Like to play Scrabble? Monopoly? Trivial Pursuit? Soccer? Basketball? Tennis? Grand Theft Auto? Super Mario 2? Find games exciting, exhilarating and a great way to engage your competitive spirit? If yes, this blog is for you.
Stephen A. Miles and Nate Bennett's powerful new book, Your Career Game, is a reminder that your profession is a "multifaceted game." They believe that those who recognize this have a greater chance to succeed. They should know -- Stephen is the Vice Chairman at Heidrick and Struggles, one of the most renowned search firms in the world, dealing specifically with CEO ascension, and Nate is a professor of Management at Georgia Tech's College of Management as well as an active consultant.
As a coach myself (recently named one of the top executive consultants in the country), I agree with their C-Suite endorsers (the who's who of corporate America) that this book is "a must-read, strategic guide for all who seek to advance their careers and navigate today's job market".
Let's play! (Move #3 is my personal favorite)
MOVE# 1: Understand and Develop Your Career Competitive Advantage
The first key in making an effective business strategy is to understand your competitive advantage. It isn't enough to learn the "color of your parachute," as one perennial best seller recommends. Such insight may help you know where you want to look, but it won't help you know how to win.
Understanding those attributes you possess which are rare in the labor market, valuable to employers, attractive to consumers, and hard for other job candidates or entrepreneurs to copy, allows you to understand how to develop an approach to win at your career game.
MOVE# 2: Make Early Moves that Matter
Picture your career as the flight of a rocket -- a difference of a few degrees in the angle of the launch can have a dramatic effect on where the rocket lands. Great moves can pay a dividend from the moment they are made until you exit the game. The earlier you make the moves, the longer you enjoy the reward.
What constitutes a great early move?
➢Find a job at a learning company -- one that is willing to invest in developing its people.
➢Take the job no one else wants and do more with it than anyone could have imagined -- make a mark by fixing something or turning something around.
➢Be bold. Anything that makes you unforgettable is a winning move.
MOVE# 3: Strengthen Your Weak Ties
Ties between people who you work and play together will tend to be strong. Strong ties provide benefits - particularly when it comes to support. However, strong ties contain lots of redundant information - you know the same things about the same people at the same companies as those others which whom you share strong ties.
On the other hand, strengthening weak ties connects people with unique networks and disparate knowledge. In a job search situation, people to whom you are strongly tied will rarely be able to introduce you to an opportunity or an individual that you couldn't have met on your own.

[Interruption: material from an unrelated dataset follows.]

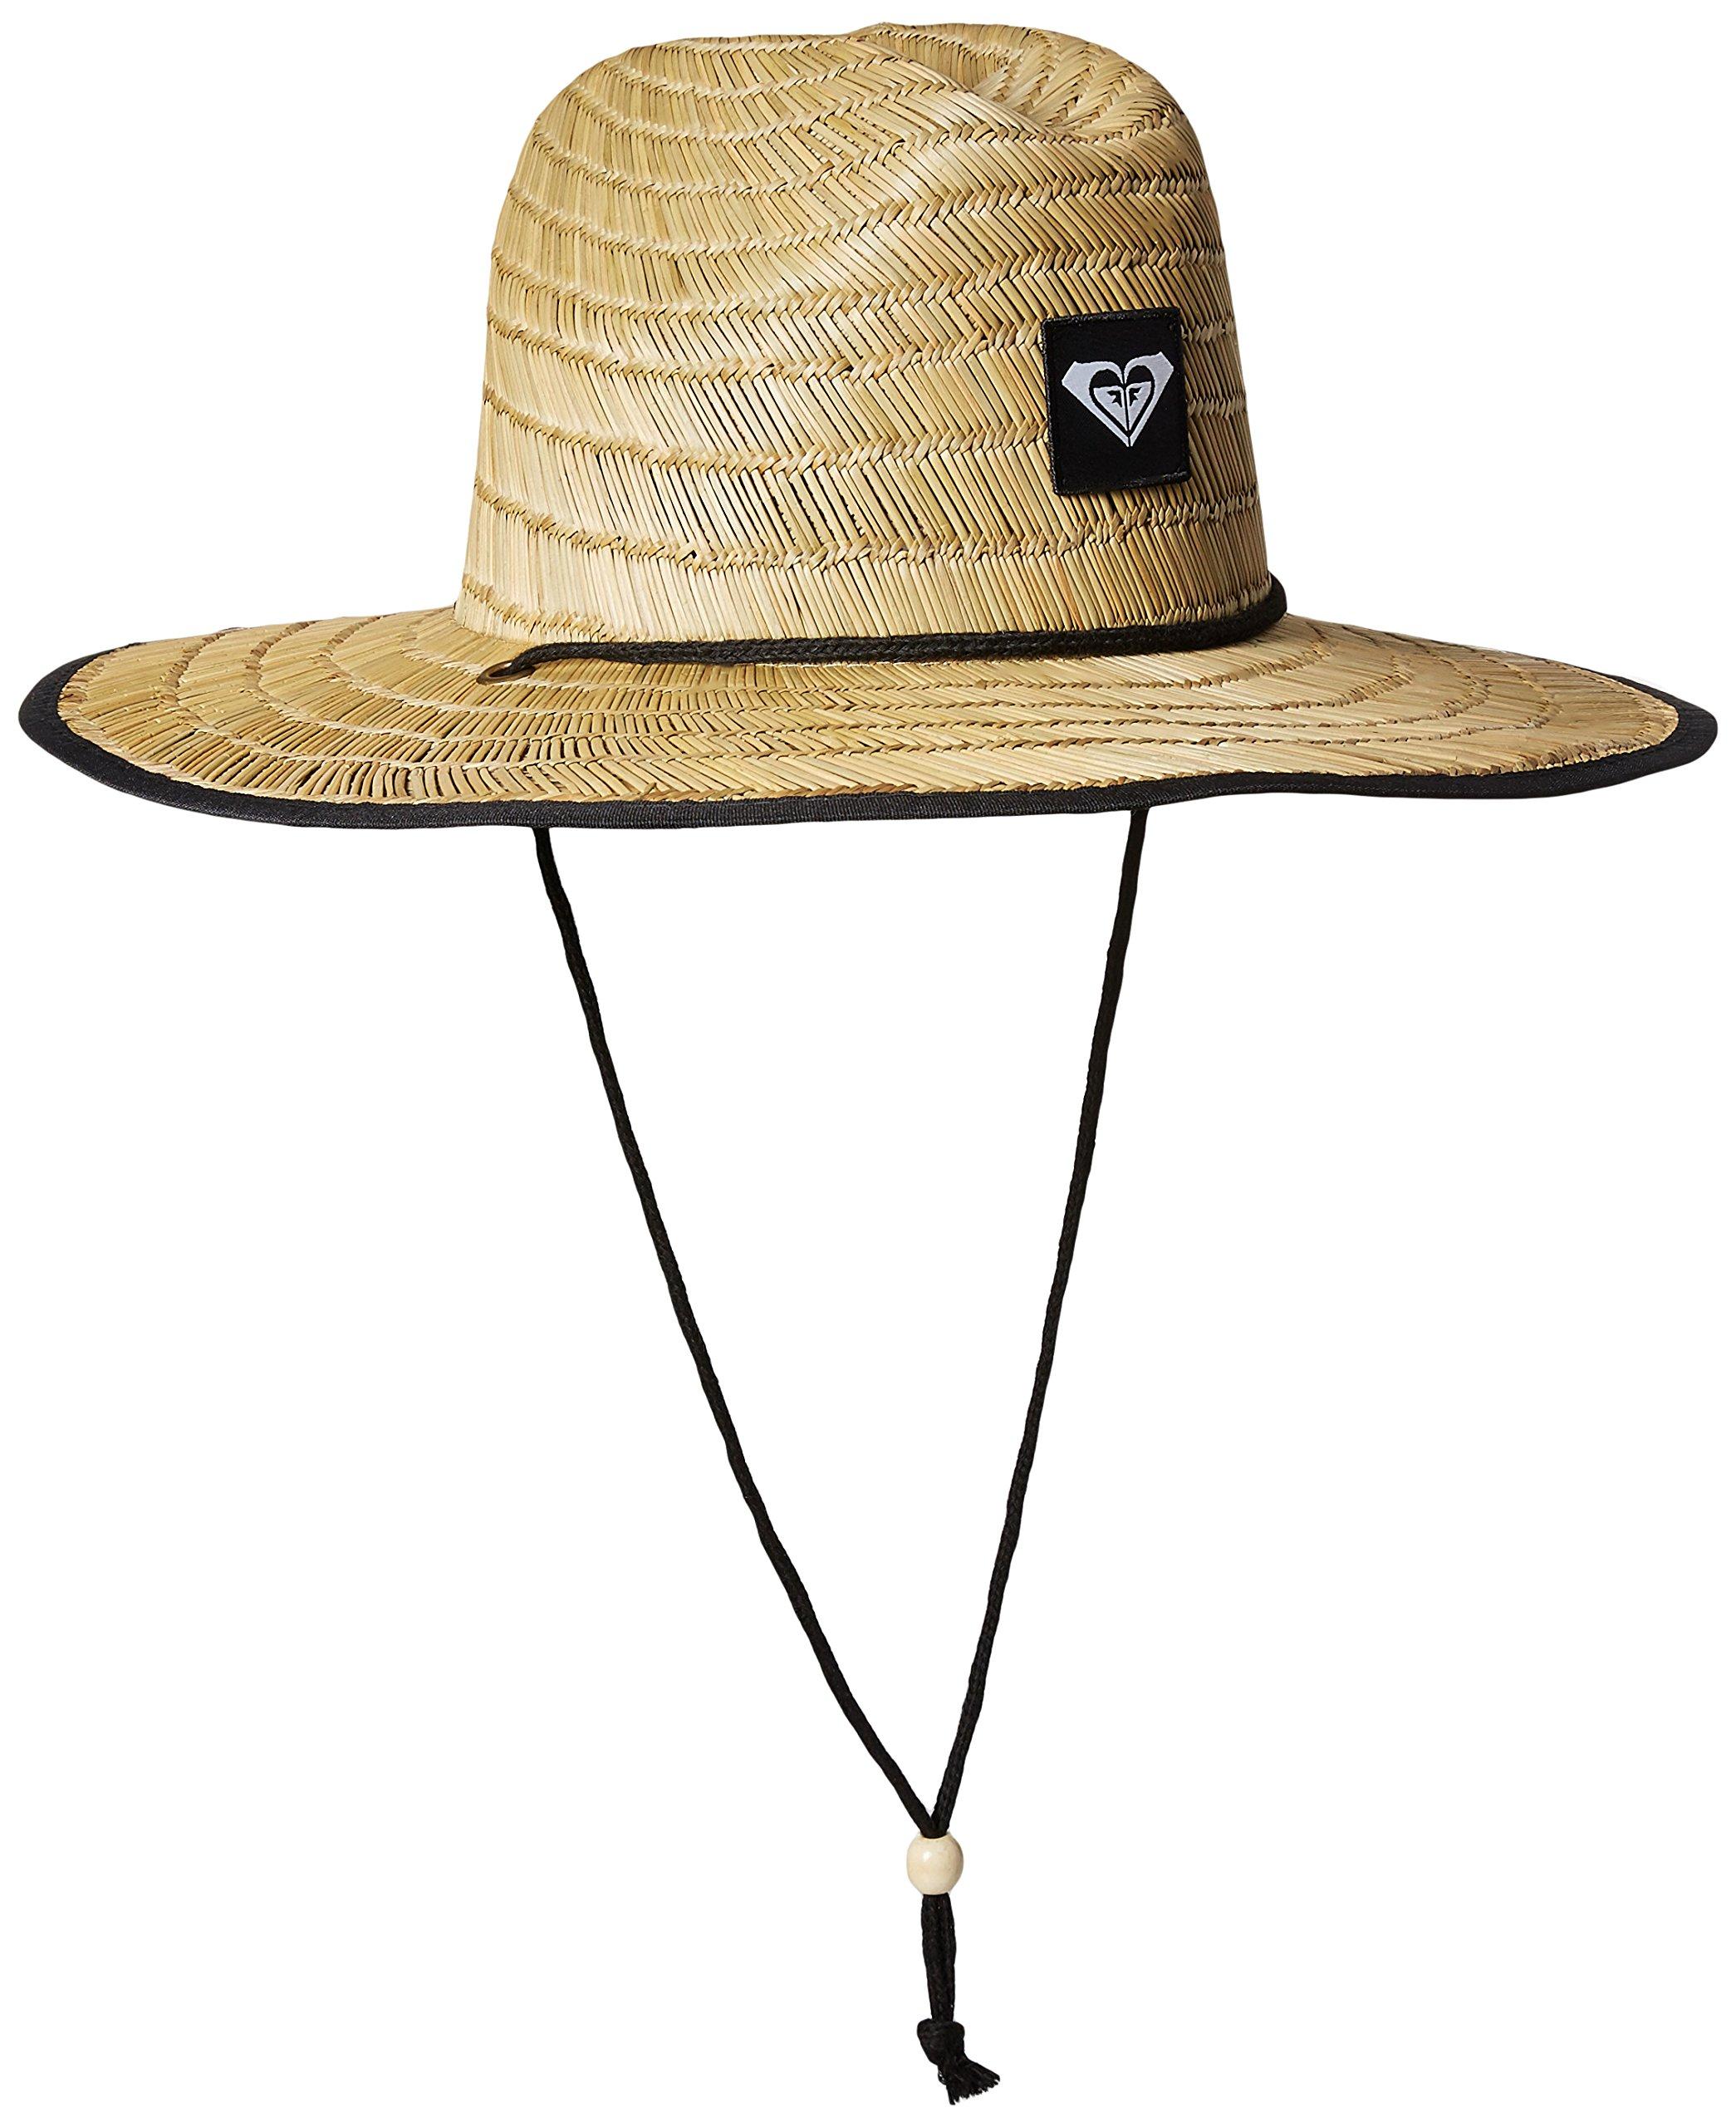 Roxy Women's Tomboy 2 Straw Sun Protection Hat, True Black, M/L

The winning move is in the creation and management of weak ties -- people who are connected to you but spend most of their time living in a different network.
MOVE #4: Manage Your Mentoring
Most people quickly recognize the value of mentors -- they can be an important resource. But very few people understand the success strategy for choosing that person.
Your mentor needs to be four levels higher than you on the organizational chart. If they are closer, the situation can become one where you may become a competitive threat to your mentor. The biggest mistake career game players make here is choosing their mentor from someone too close to their current level in the company.
Also, early in your career, you need to find a "Yoda" -- a wise character able to teach you what you need to know about your career goals. Such a mentor can help you understand where the land mines are, the best operating procedures, and how to thrive.
Later in a career what is most important in a mentor is someone in a position to be an invisible hand providing some lift to your career trajectory. Example: Within an organization, this person needs to be in the room when personnel decisions get made so as to be there to make sure your name is mentioned.
Finally, in your late career what matters most is someone with enough understanding of your position and enough force of personality to ensure you are honest about your decisions -- some one who isn't afraid to tell what you need to hear.
Your Career Game includes some of the most in-depth conversations I've read with Ursula Burns (Xerox), Stephen Elop (Microsoft), Marius Kloppers (BHP Billiton), Ken Frazier (Merck), Charlene Begley (General Electric), Brian Humphries (Hewlett-Packard), William Perez (Campbell Soup), Dan Palumbo (formerly Coca-Cola), Carol Tome (Home Depot) and many more.
If you're serious about winning your career game, then learn from the best. We are the only mammals able to learn non-experientially. This book will help you use that to your highest advantage!